長年、発展途上国の人々のために働いてきた私たちには、実は日本人の友人や子どもたちに対して、ふだんの仕事のことや、目にしている問題や異文化のことを話す機会が限られていました。それは「興味がない人に話してもな」と気をつかったりして、私たちが伝えようとする努力を怠っていたからかもしれません。
しかしSDGsは、途上国と先進国の距離を縮め、つながった共通課題としてさまざまな問題や解決策を提示しています。発展途上国も先進国も、みんなで力を合わせて持続的な社会を作ったり、ひとりひとりがポテンシャルを発揮できる社会を作っていくために、垣根なく、それぞれができることを考える。そんな「SDGs時代」になり、私たちが、発展途上国の現状や、地球全体のつながりを伝える責任や、身近な社会をよりよくするためにひとりひとりがすべきことを考える機会が増してきていると実感しています。SDGsができる前から、ずっと援助の世界で働いてきた私たちだからこそ、伝えられることがあり、それをわかりやすく伝えなければならないという使命感を持っています。特に、「SDGs世代」ともいわれる子どもたちに関心を持ってもらいたい。そんな思いを込めてこの本を書きました。

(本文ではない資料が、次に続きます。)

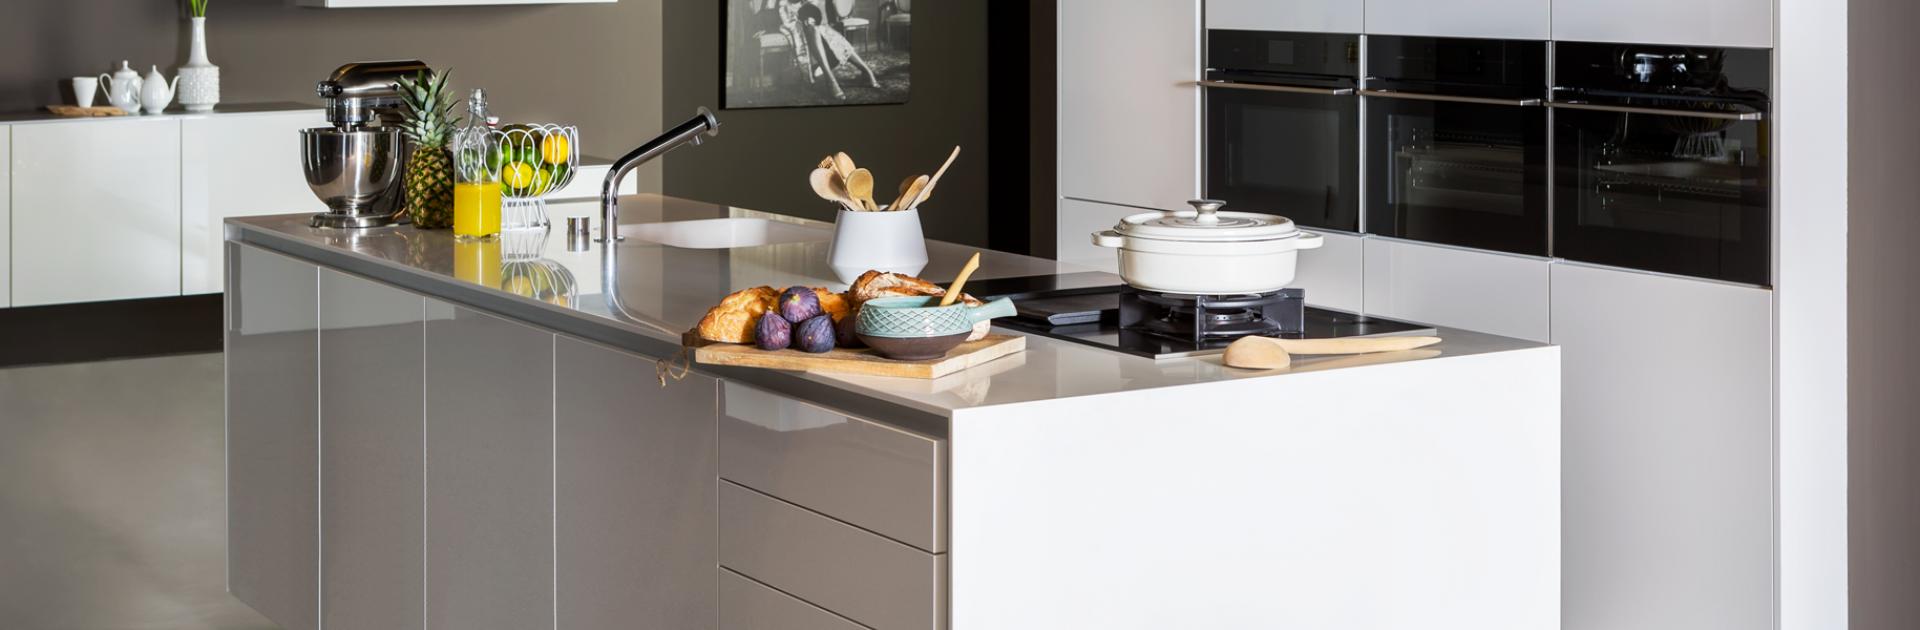 Minimalistisch keuken nieuwe trend   Eigenhuis Keukens

地球という村の住民である私たちは、その地球環境の中で住まわせてもらっています。誰もが生きやすい世の中であるために、ひとりひとりがその責任や影響をしっかりと考えなければなりません。まずは自分の興味を引く分野を見つけ、とりあえず実践してみることがとても重要です。そこからどんどん理解が深まっていくはずです。
No one is too small to make a difference.(子どもでも誰でも、変化を起こすことはできる)
-- グレタ・トゥーンベリ
本書がそのお手伝いをできることを、筆者一同心から願っています。